Rehydration time varies with types of additives, but also the proportion of water to additives; less water requires a longer soak. On our alcohol stove which takes about 13 minutes for 1000ml to come to the boil, they are ready at the same time as the noodles, but of course this depends on your cook system. Hikers with Jetboils or gas canister stoves will need to soak their additives for 10-15 mins before bringing them to the boil and adding the noodles.  Switch off the fuel, place pot in a cosy and soak for about 5 minutes.

bowl of soup with udon noodles and seaweed

Udon noodles prepared with vegetables, seaweed and bean curd sheets added to pot before bringing water to the boil, then adding noodles.

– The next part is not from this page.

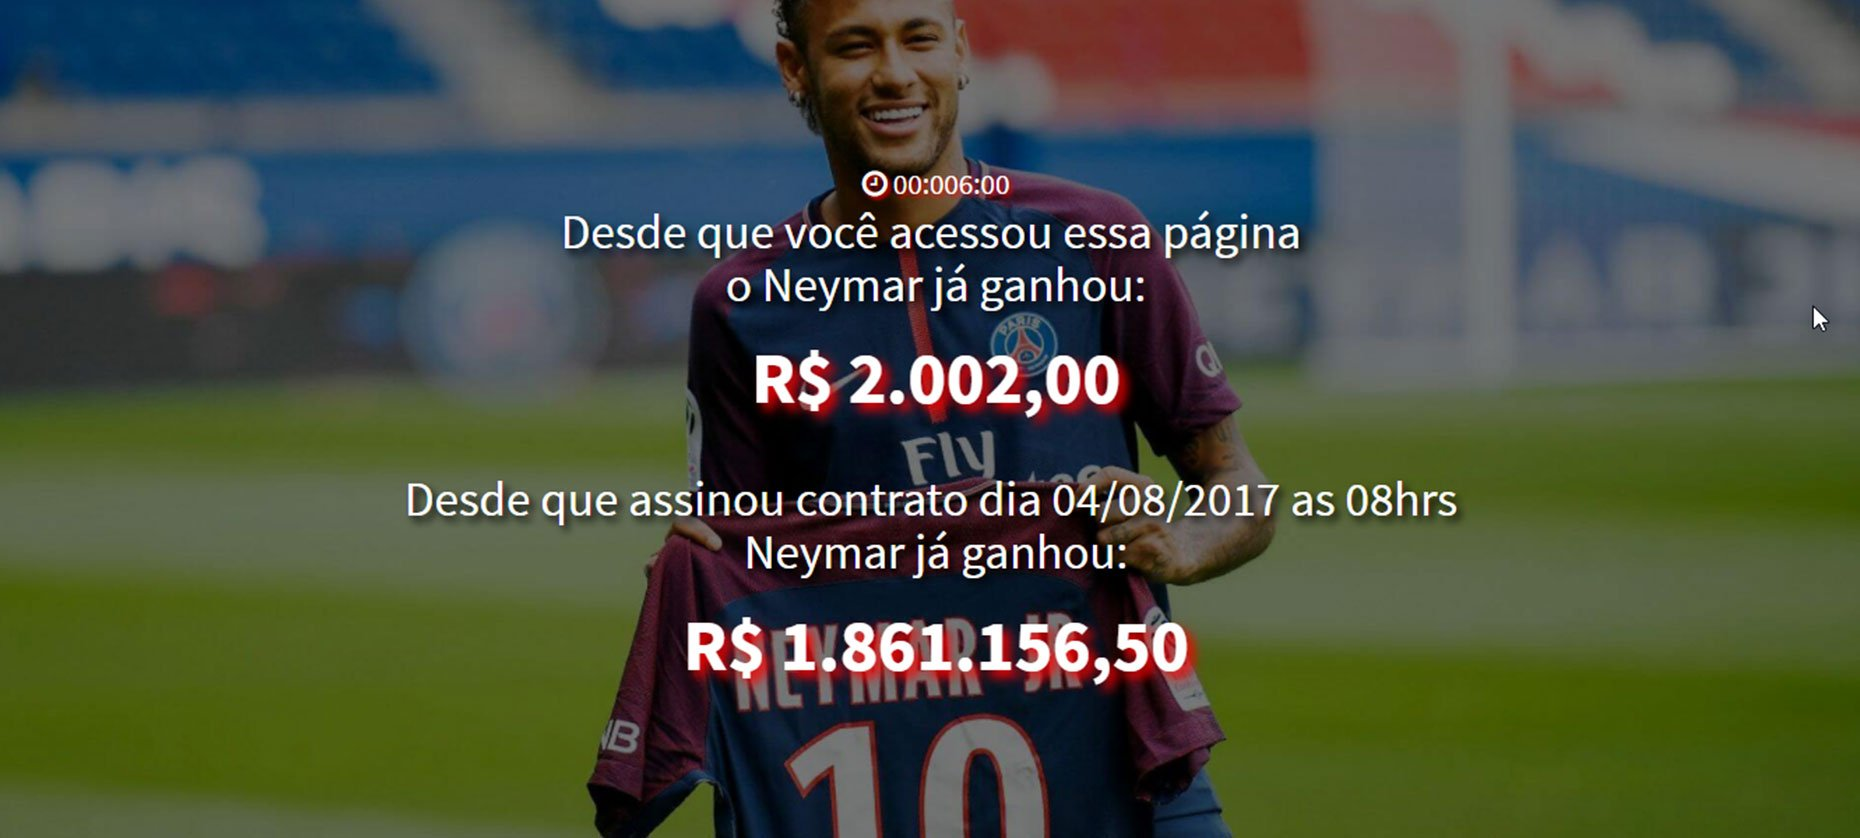 Site atualiza em tempo real salrio do neymar no psg notcias salario do neymar stopboris Image collections

Preparing non-soupy noodles (pad thai, bolognese, cheesy, stir-fry adaptations)

Use any of the techniques above but decant most of the water into a separate cup before adding herbs, spices, powders and oils after rehydration. Make sure you keep the decanted water though because you may need to add a little back in. Cheesy recipes need to have powder stirred in partway through warm rehydration methods and with some water still remaining. Potato and ramen ‘bomb’ recipes work better if the potato flakes, which rehydrate instantly, are stirred through at the end of your noodle soaking or cooking time.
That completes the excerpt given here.